▸ DIRECTIONS FOR THIS TASK
Start to finish, print the data below exactly, without the images.

▸ INFORMATION PROVIDED
☆ ☆ ☆ ☆
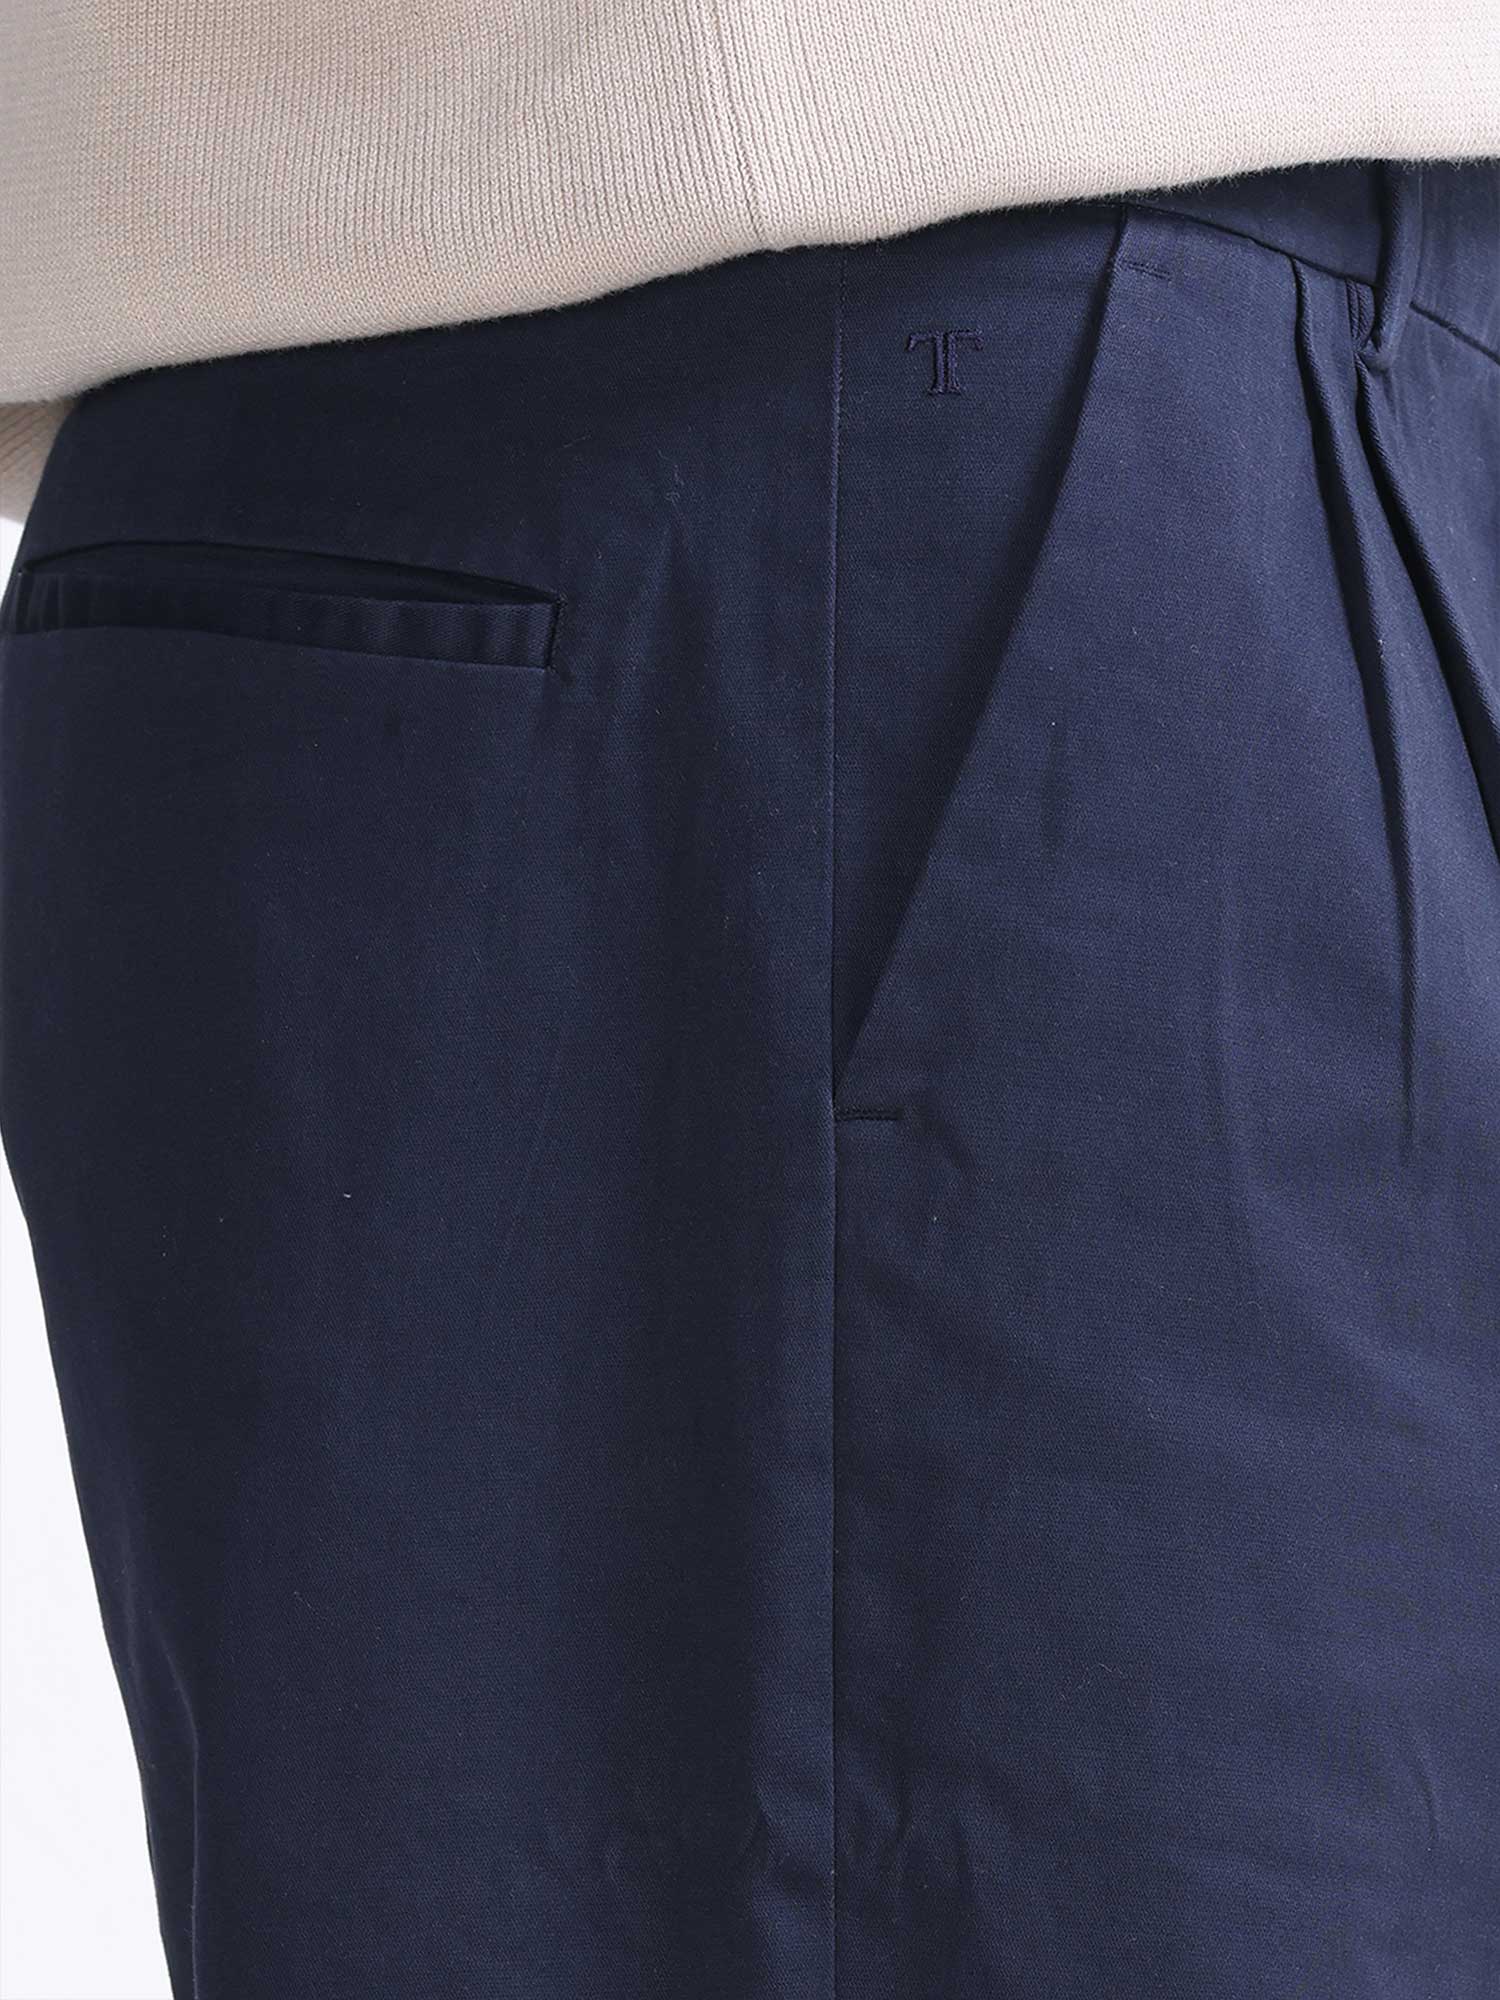 Blue | Trousers For Women | Shop Online | H&M IE
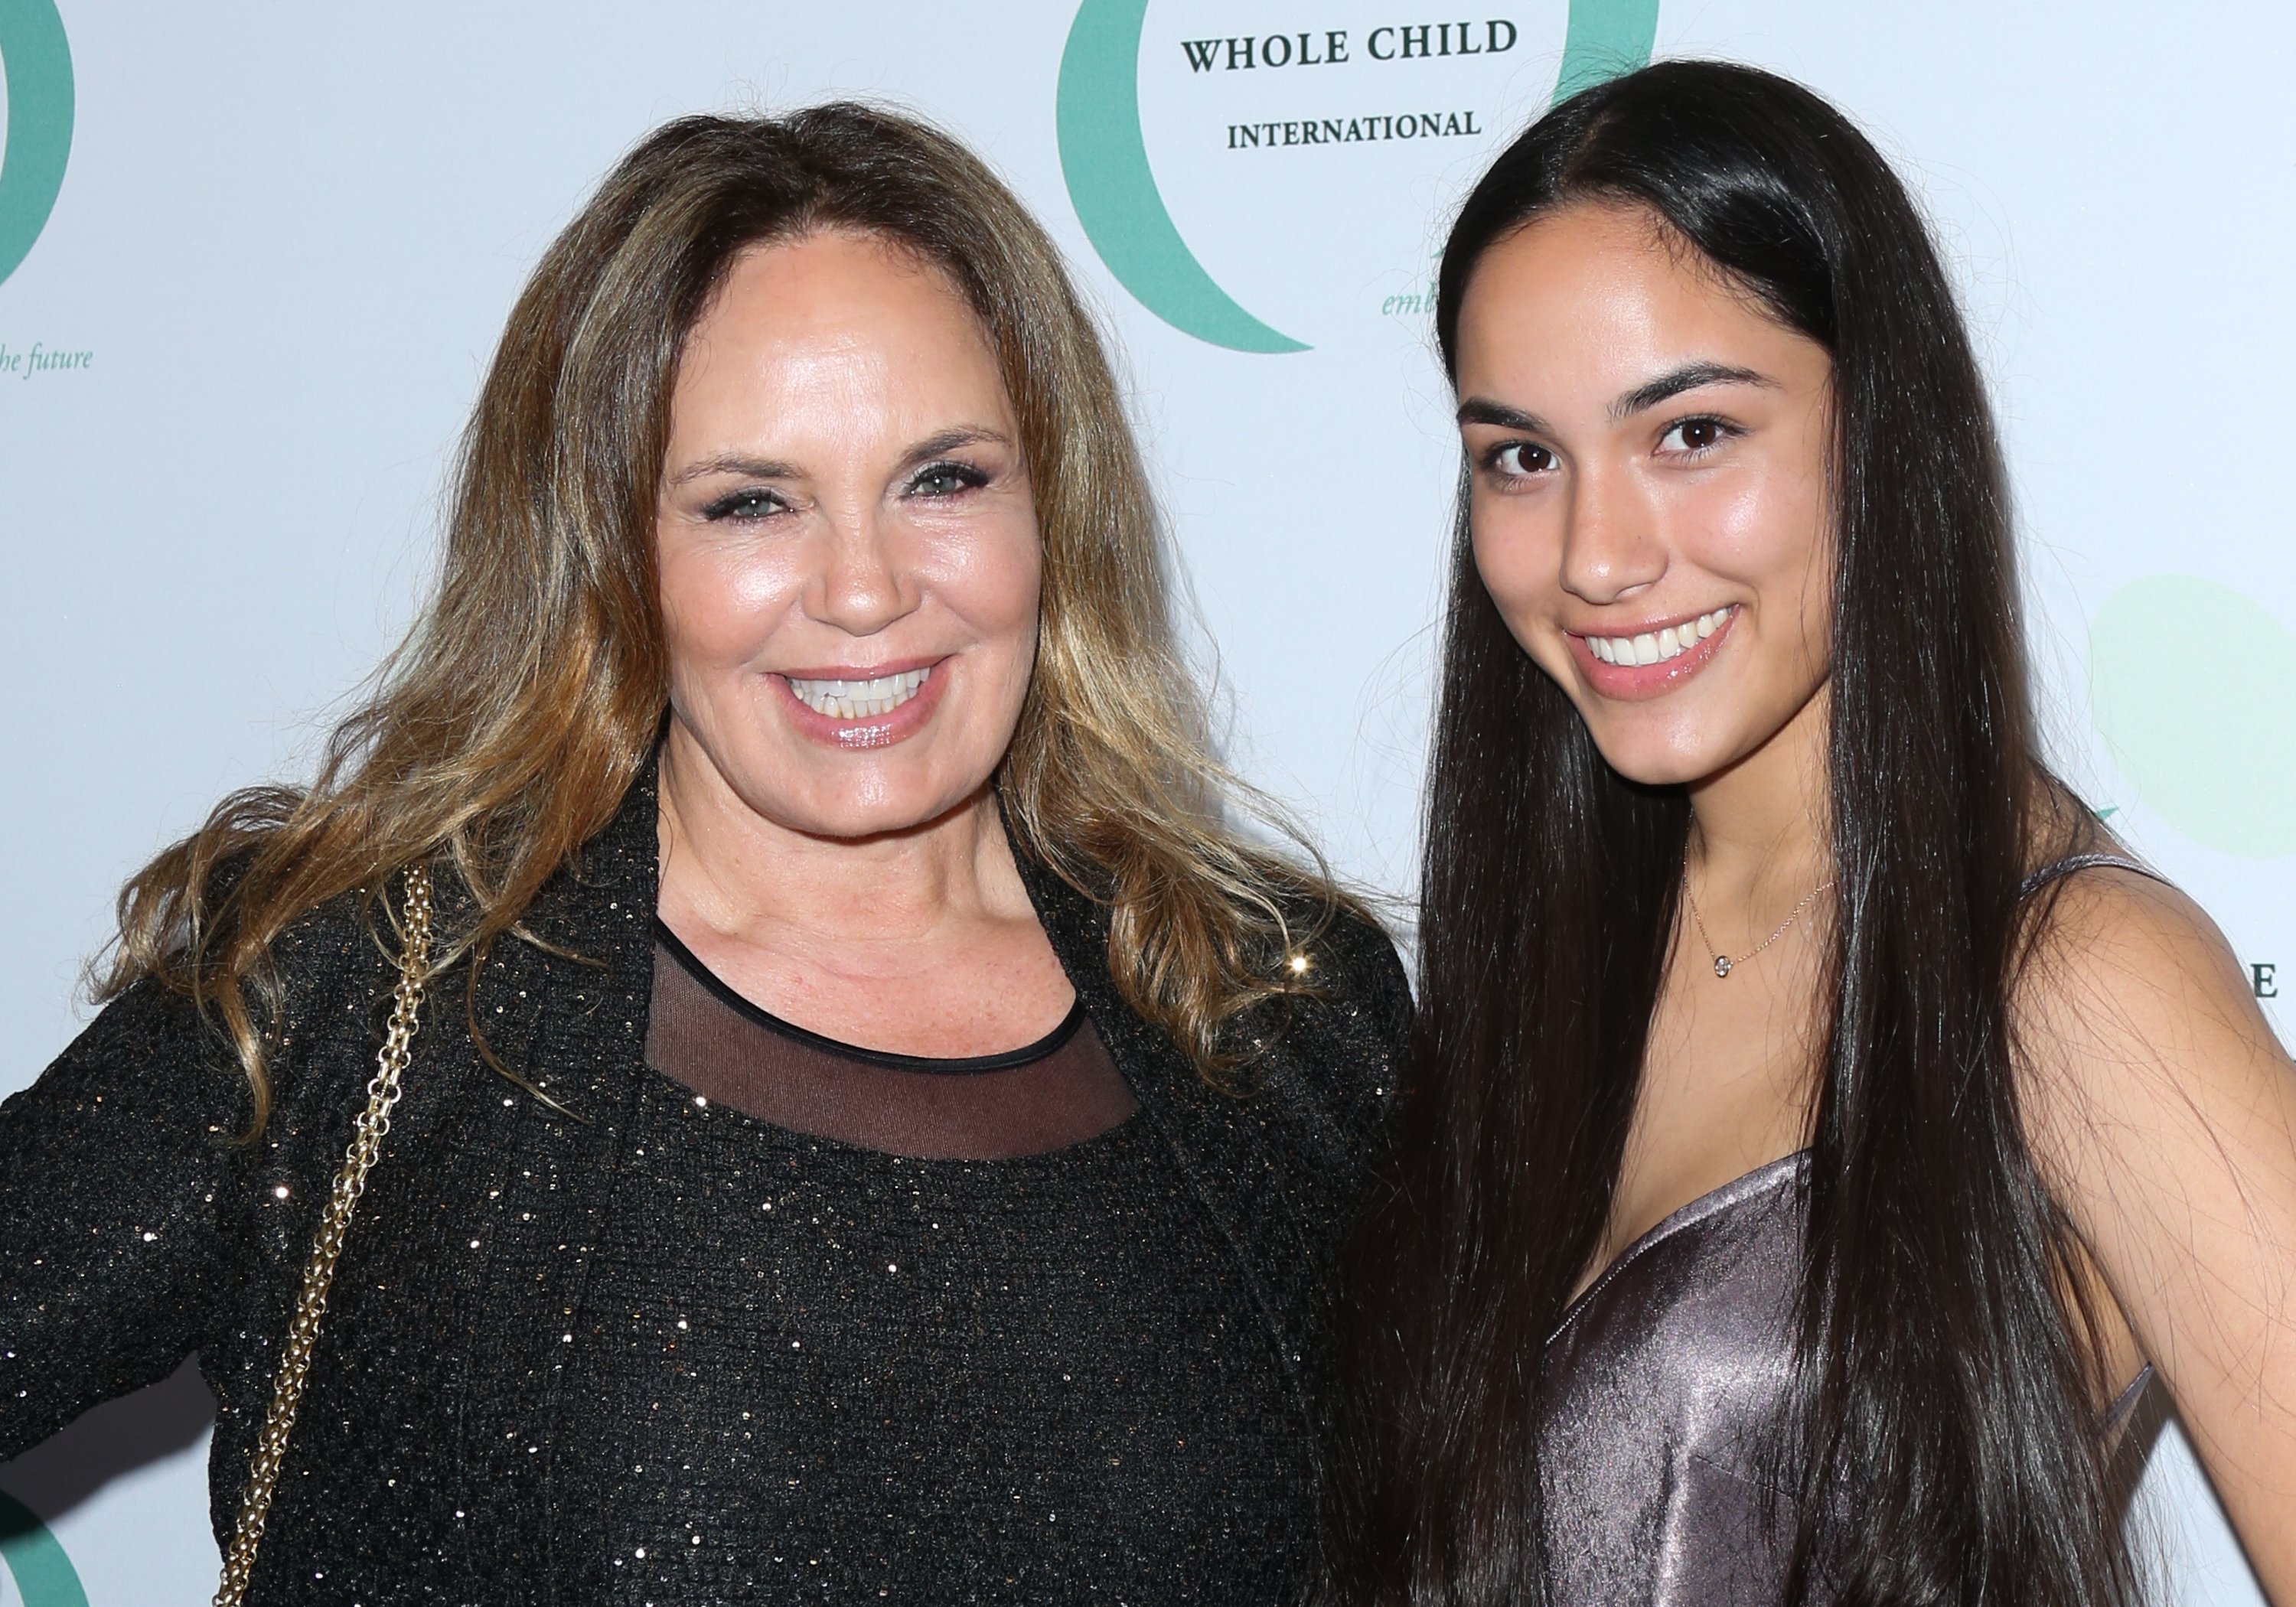 Catherine Bach y Laura Esmeralda López en la gala inaugural de Whole Child International el 26 de octubre de 2017 en Beverly Hills, California | Foto: Getty Images
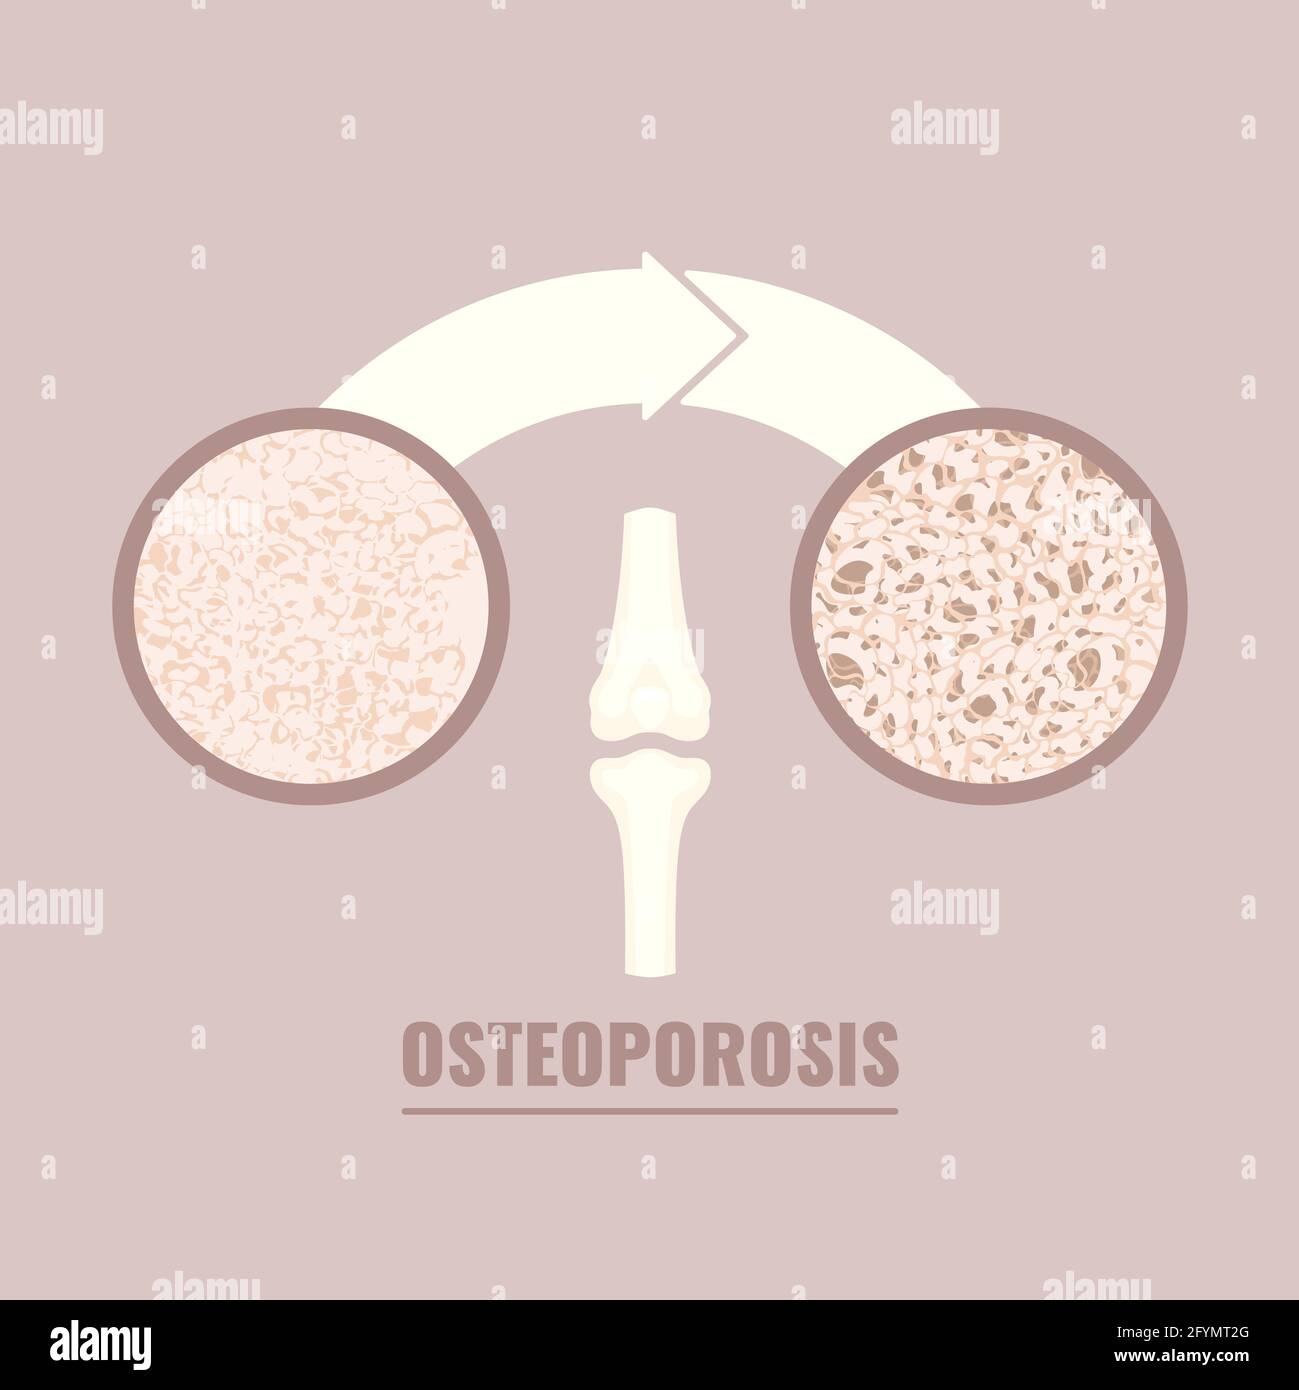 Ostéoporose, illustration conceptuelle Banque D'Images
☆ ☆ ☆ ☆
▸ YOUR RESPONSE
 Blue | Trousers For Women | Shop Online | H&M IE
 Catherine Bach y Laura Esmeralda López en la gala inaugural de Whole Child International el 26 de octubre de 2017 en Beverly Hills, California | Foto: Getty Images
 Ostéoporose, illustration conceptuelle Banque D'Images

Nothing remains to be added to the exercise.